▶ PROBLEM TO WORK ON:
Your output should be the lines below from the one with "Új Hyundai Ioniq Electric" through the one with "sex offender registry", copied exactly, pictures excluded.

▶ RECORDS SUPPLIED:
================

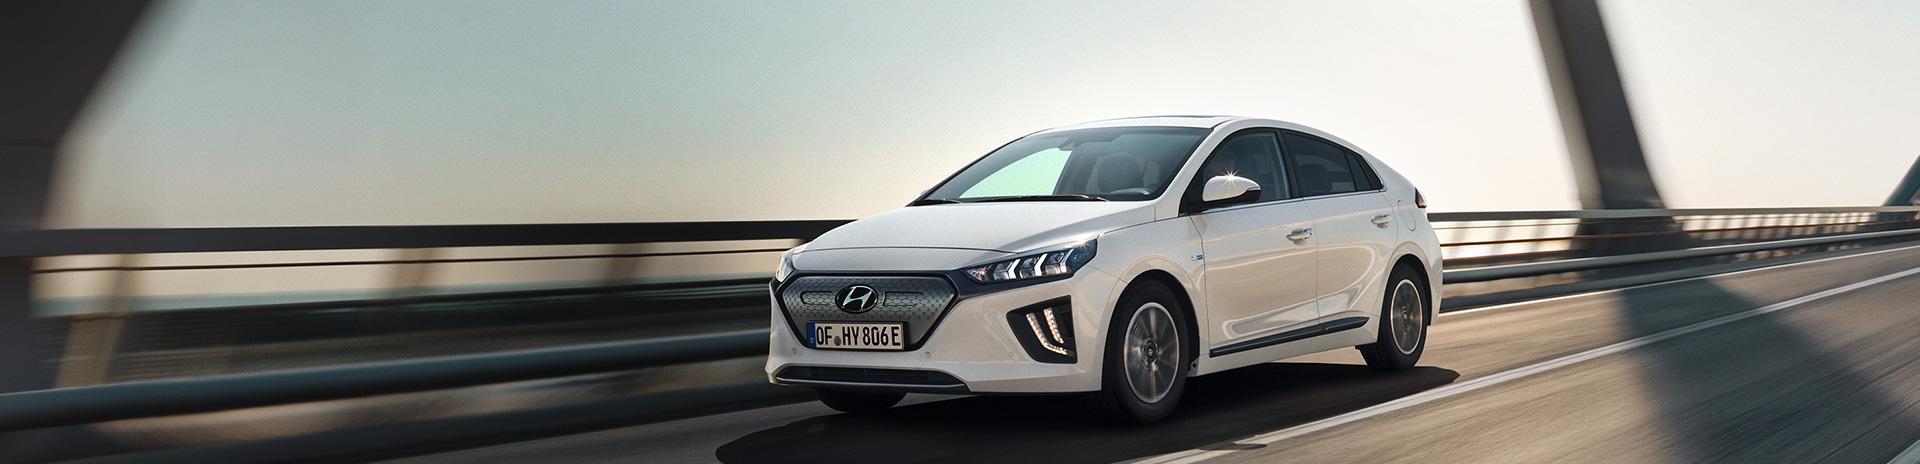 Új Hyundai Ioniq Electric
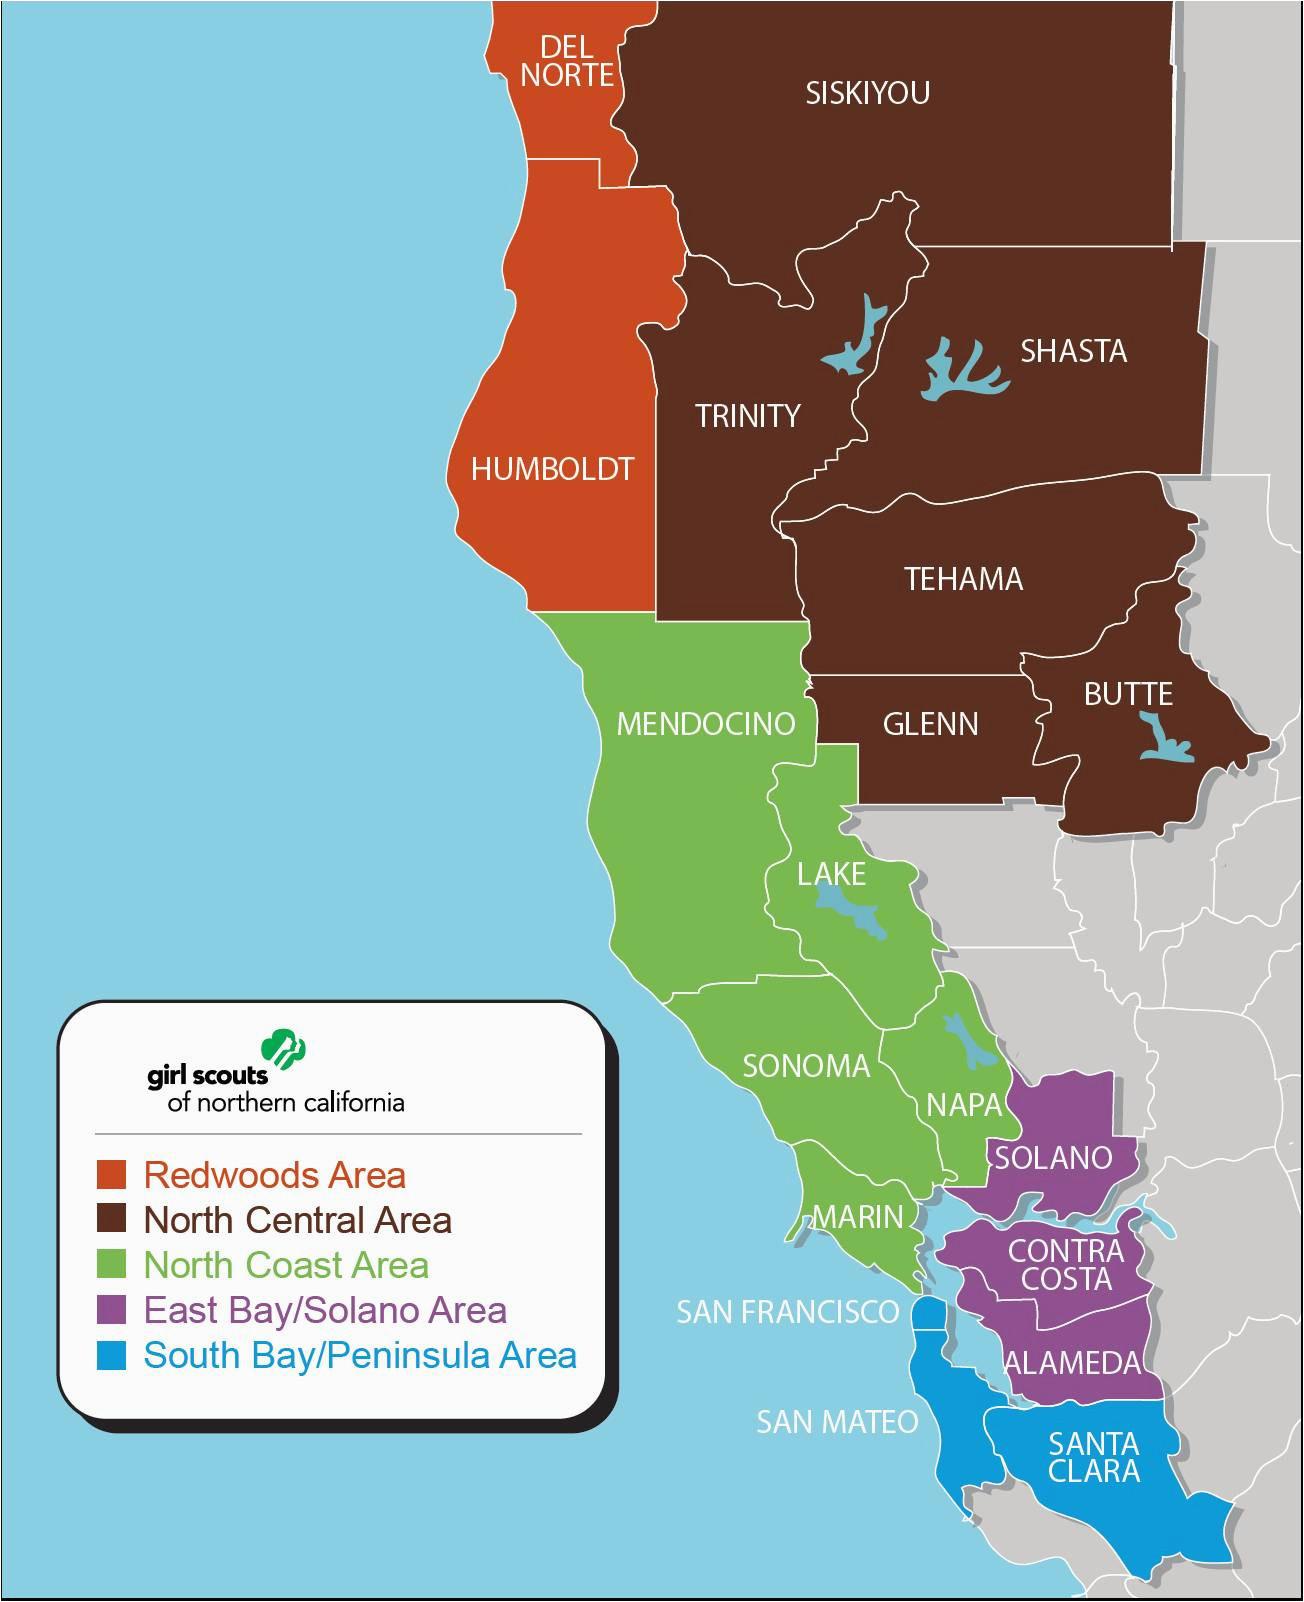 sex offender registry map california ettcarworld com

================

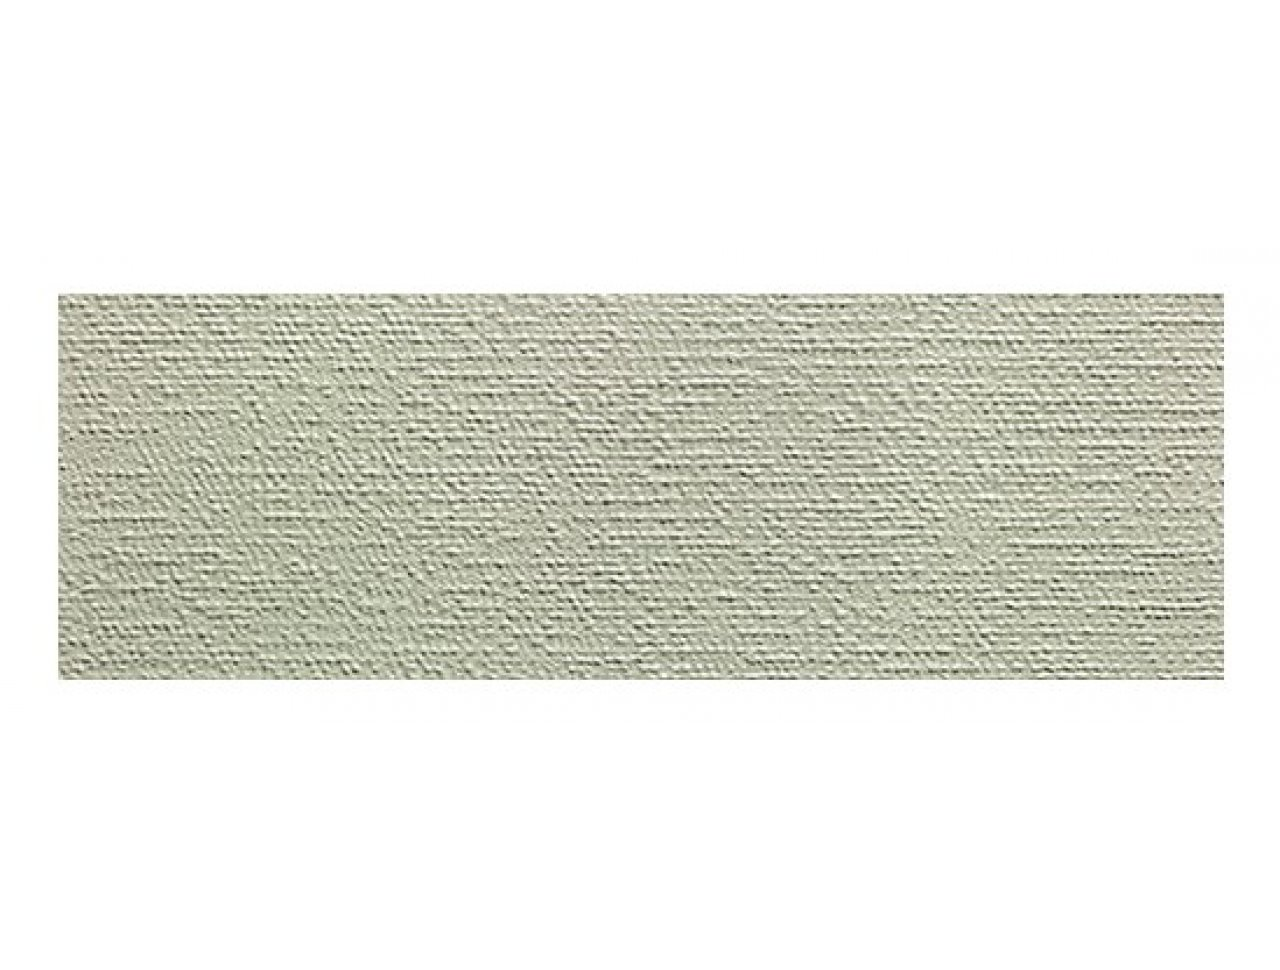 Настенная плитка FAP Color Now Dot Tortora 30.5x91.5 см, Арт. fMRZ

================

▶ ANSWER FOR THIS EXERCISE:
 Új Hyundai Ioniq Electric
 sex offender registry map california ettcarworld com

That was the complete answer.